**ASSIGNED TASK**
The data below holds a line containing "ThS.Bác sĩ Lê" and a line containing "Toyota Hilux 2013, Alpine"; please quote exactly those two lines and every line between them, and nothing else.

**EXERCISE INPUTS**

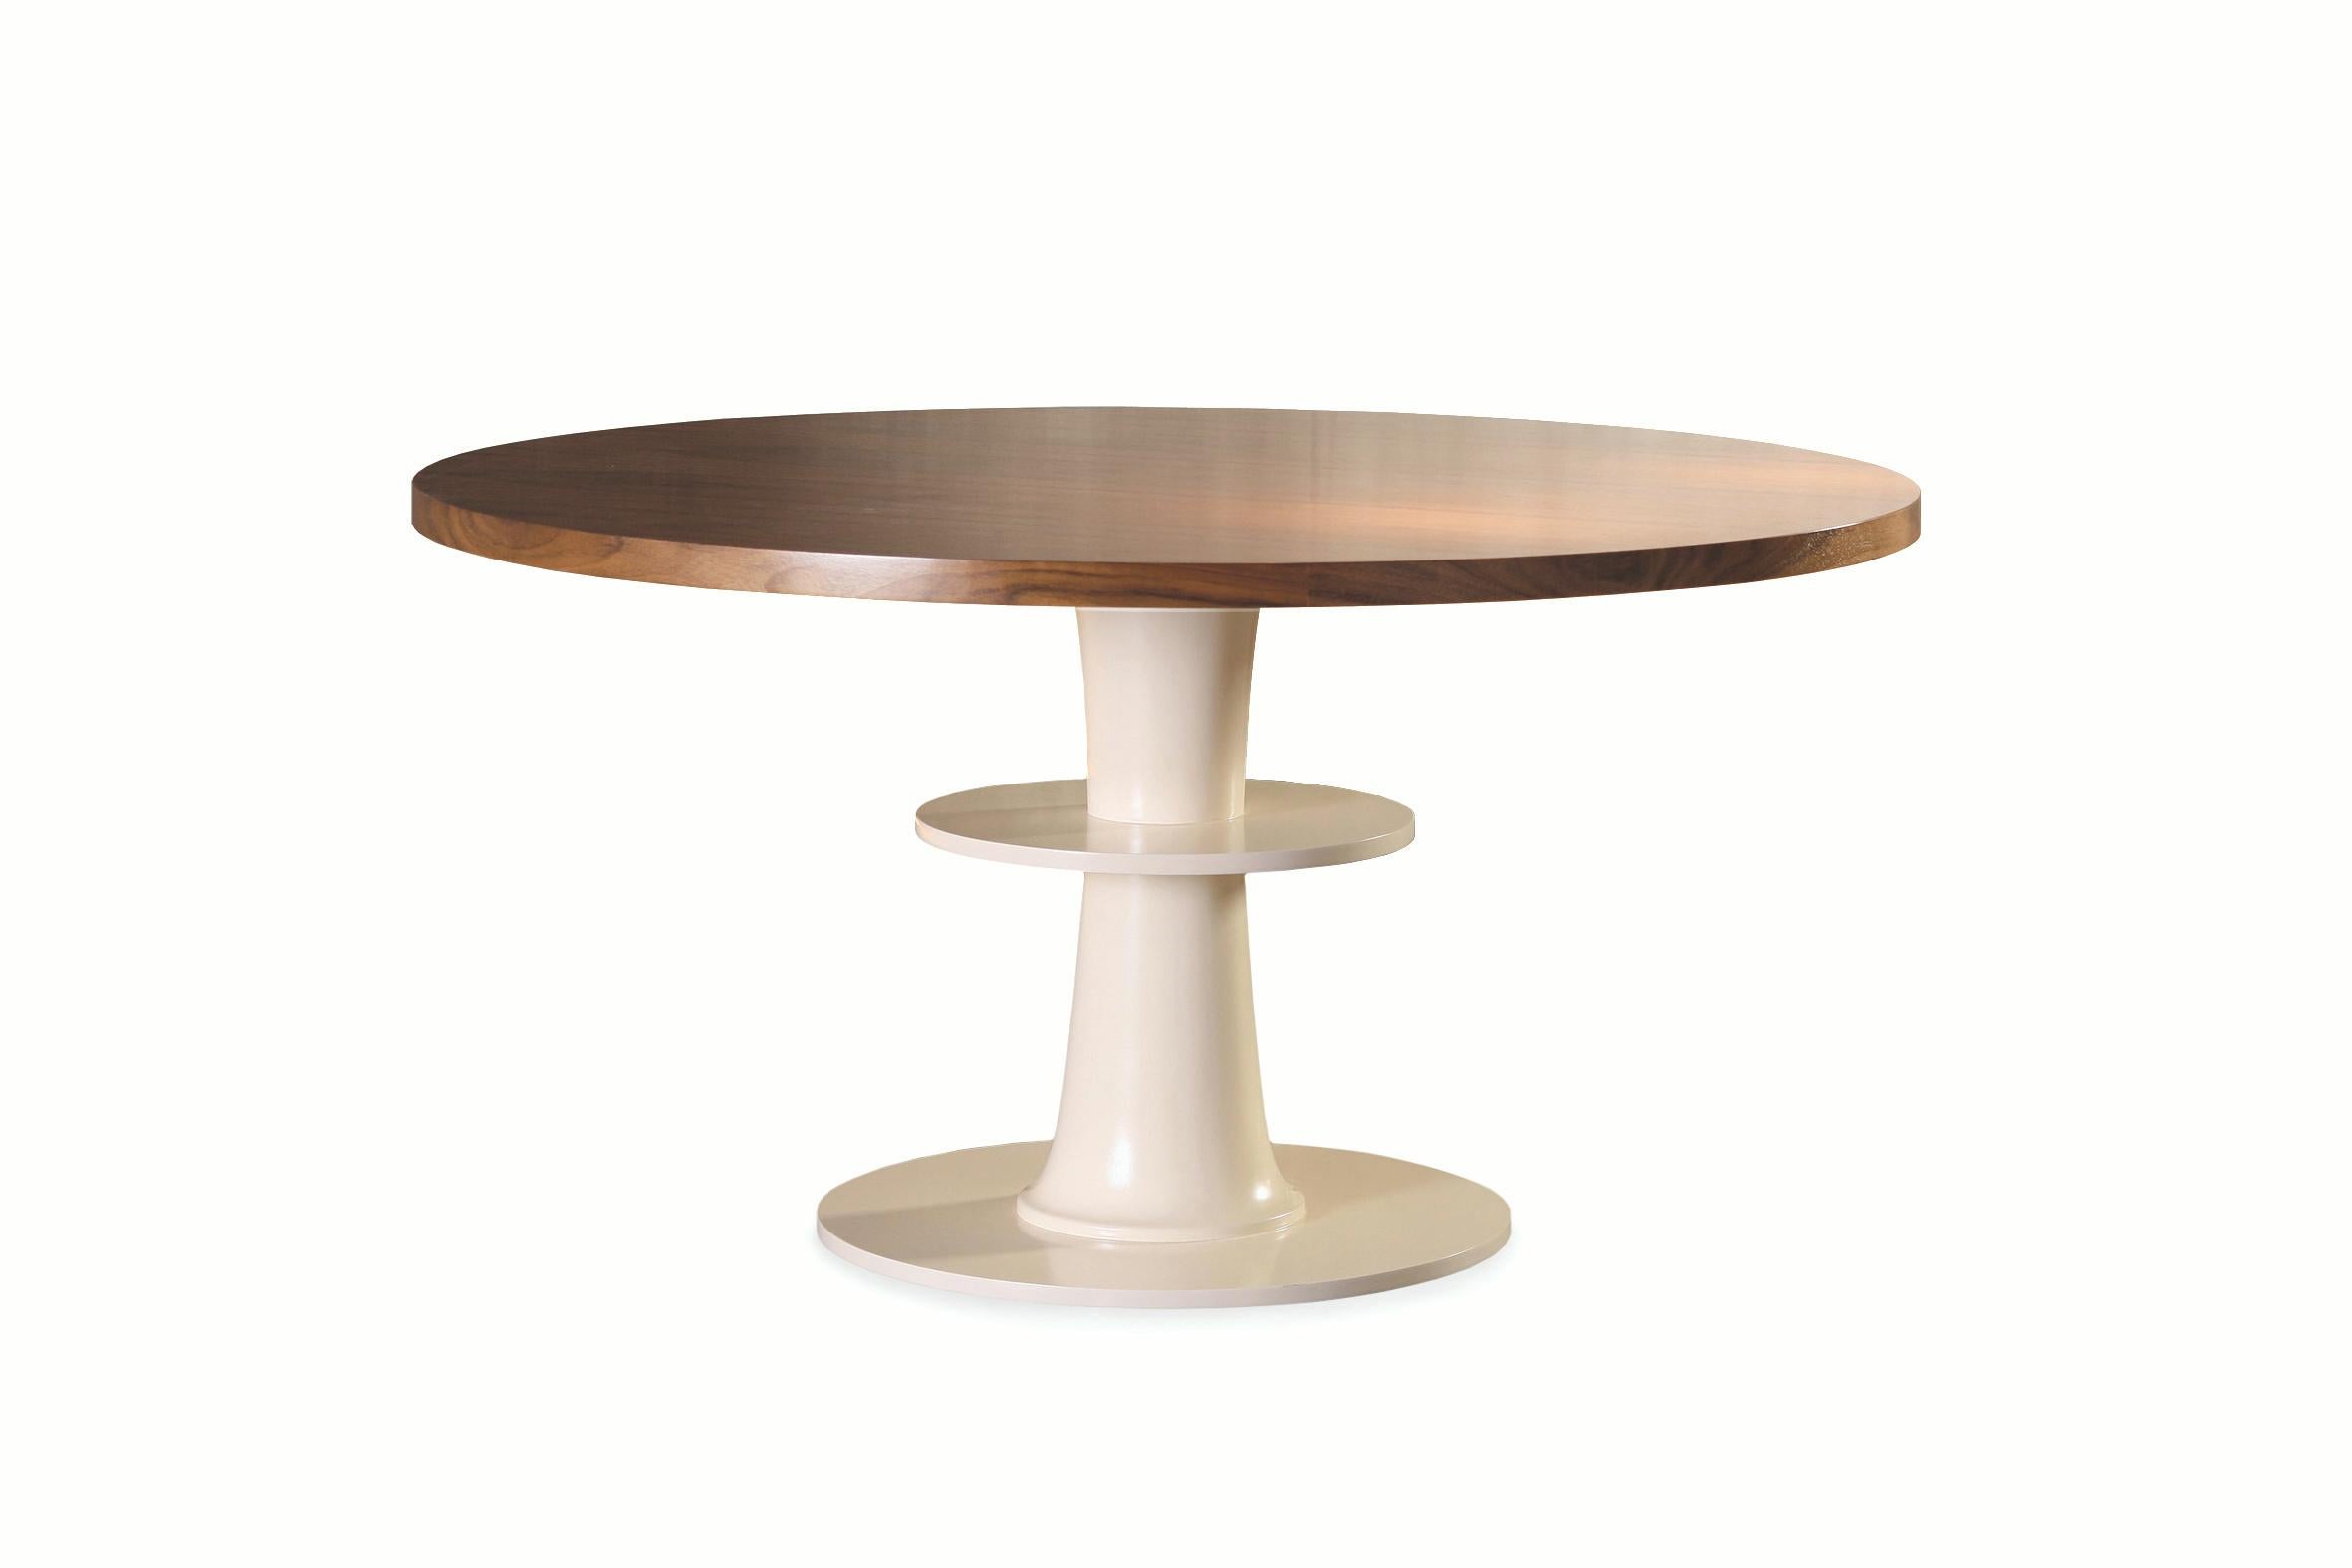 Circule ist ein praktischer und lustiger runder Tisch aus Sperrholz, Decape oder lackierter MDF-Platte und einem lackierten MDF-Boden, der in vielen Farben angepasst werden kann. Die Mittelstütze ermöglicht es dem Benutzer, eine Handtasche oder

...

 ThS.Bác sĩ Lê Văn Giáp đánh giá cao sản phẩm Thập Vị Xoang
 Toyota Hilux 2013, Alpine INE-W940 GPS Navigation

**ANSWER BOX**
 ThS.Bác sĩ Lê Văn Giáp đánh giá cao sản phẩm Thập Vị Xoang
 Toyota Hilux 2013, Alpine INE-W940 GPS Navigation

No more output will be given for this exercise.